Although the MDL construct can be useful, concentration observations falling below these thresholds are not devoid of meaning and it has been recommended that these data should be reported as measured chemical detections. They are still valid observations from which true concentrations can be estimated (albeit with greater uncertainty) by applying appropriate statistical approaches (e.g., that make relevant assumptions concerning randomly distributed error, unbiased analytical methodology, and interference effects) (Analytical Methods Committee, 1987). However, some policies require substances to be described as “absent, present in only a limited number of samples, or present in less than a specified number or amount of a given quantity” (National Research Council (US NRC) Subcommittee on Microbiological Criteria, 1985) in regulatory and contractual frameworks, leading to the adoption of reporting limits (i.e., a value below which data are not reported) by many laboratories.

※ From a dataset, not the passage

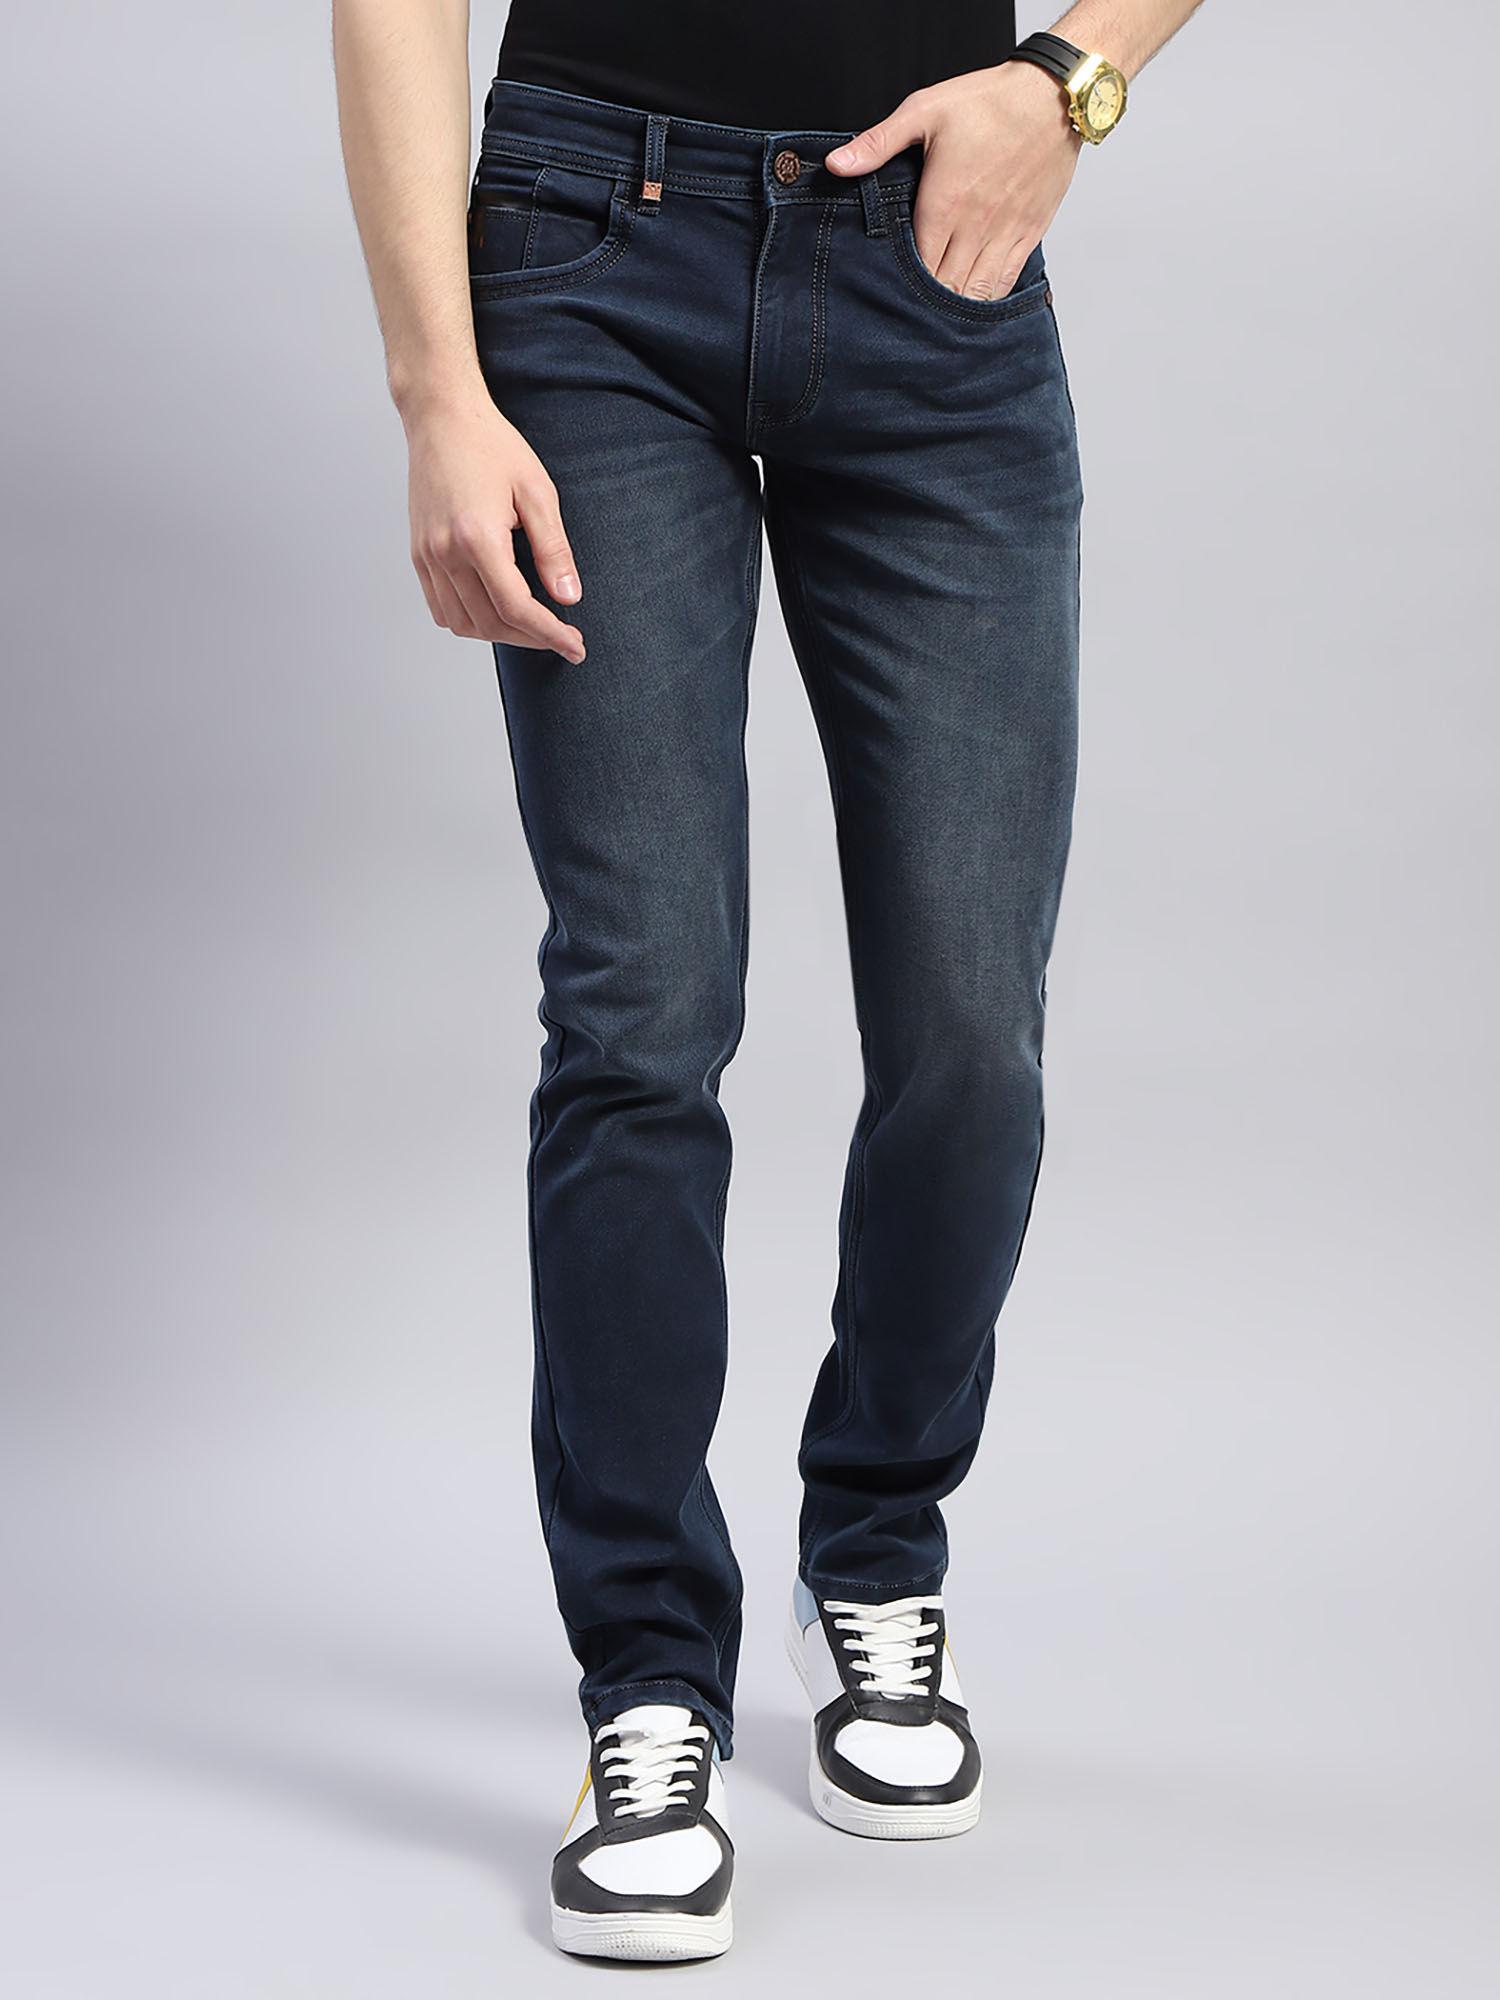 mens-solid-navy-blue-straight-fit-casual-jeans

While these reporting conventions are not themselves problematic, they become problematic if these data are incorrectly interpreted or statistically analyzed. The implications of NDs in environmental chemistry have long been recognized (Analytical Methods Committee, 1987; Lambert et al., 1991). Unaltered zero concentrations preclude the calculation of geometric means and cannot be fit by many continuous distributions (without their explicit accommodation through a zero-inflated model). Values reported as below detection or reporting limits have commonly been either omitted or substituted with a function of the limit (Helsel, 2006) to facilitate computationally convenient analysis. These approaches are deemed conservative, but sacrifice information about data reliability and uncertainty that may be critical in decision making. Chemical concentration data reported as less than a detection limit are an example of censored continuous measurements (where the exact measured value within the specified interval is unknown), for which appropriate statistical approaches do exist (Helsel, 2005).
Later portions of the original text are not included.